# Best V Box Spreader?



## plowfever (Nov 2, 2010)

I considering going with a v box spreader. I have a f350 short bed so I'm kinda limited. Right now I have my tgs06 salt dogg. It works ok but I spread roughly 2000# of product per time so it would be nice not to have to get in and out of my truck all the time to fill it up. My concerns are:

1- I still need space for my toro blower, shovel and a few bags for sidewalks. Is this possible with this type of spreader?

2- What is the best spreader for what I'm looking to do? I only spread either salt or ice melt. I do not spread any sand mixture. 

3-Do the salt dogg box spreaders spread better than there tailgates? I need something to spread 30-40' evenly as my tgs06 seems to only spread 15-20 then taper off out to 30'.

I do all commercial properties so this is what I spread per stop. I have a few smaller places that only take like 400-600# per stop but are only on call for the ice melt/salt. I'm not really that happy with the salt dogg unit as it doesn't seem to spread the material as well as the boss spreaders I have. 

Thanks for any comments you have.


----------



## procut (Dec 1, 2004)

SnowEx 6000 or 3000 is the first that comes to mind. I think that would be about the only one that would allow room for your blower, shovel ect. in a short box.


----------



## Italiano67 (Feb 16, 2005)

I like the electric snoway stainless Vbox. I put mine off center and still have room for snowblowers etc. It doesnt hurt a thing to have it slightly off center. I have mine bolted through the floor. In a short box I might consider a 6 footer or a 7.


----------



## bristolturf (Dec 20, 2008)

id look at the snowex sp7500 or the saltdogg sphe 1500. The snowex holds1.4 yards that equates to about 2800lbs flush with the top of the spreader so heaped probably around 3300-3500lbs, and the saltdogg 1.45 yards or 2900lbs flush and 3400-3600lbs heaped. Both will get you 2-3 stops at a time then depending on the stop.

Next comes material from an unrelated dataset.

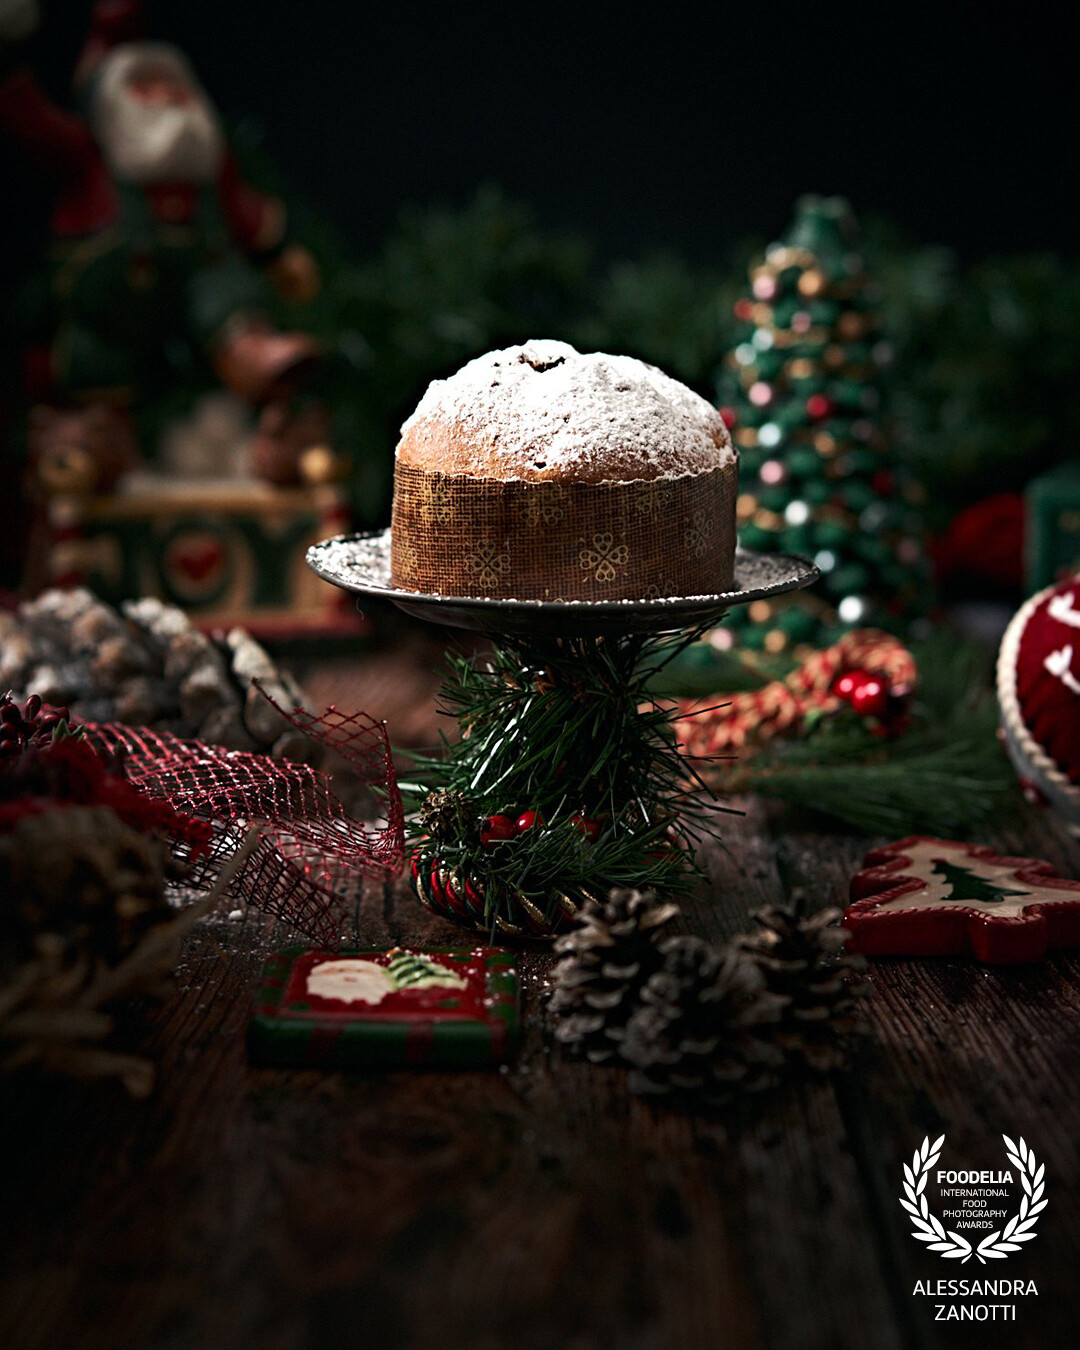 This photograph captures the festive atmosphere of Christmas. The decorations create a warm and welcoming setting, spreading the magic and joy of the holidays. At the center of the scene is a delightful panettone, a symbol of Christmas tradition and sweetness. An image that celebrates the warmth and joy of Christmas, with the panettone embodying the shared pleasure during this special season.

The only reason I say a snowex is becasue the overall dimensions are slightly less than that of a saltdogg. I prefer the saltdogg spreaders over snowex having used both. Ive used a sphe 2000 and the spread is really nice and heavy and wide (I dont think you'll get the 30' out of it, probably something like 20 or so (which is the case i personally believe for every spreader). The snowex ive used is garbage. The auger is at 10' and the spreader is at 10 and it looks like what the saltdogg spreads when its at 4 on the auger and 6 on the spreader. Dont get a western though. Im sure if youve read on this site, youll see those things are plauged with problems.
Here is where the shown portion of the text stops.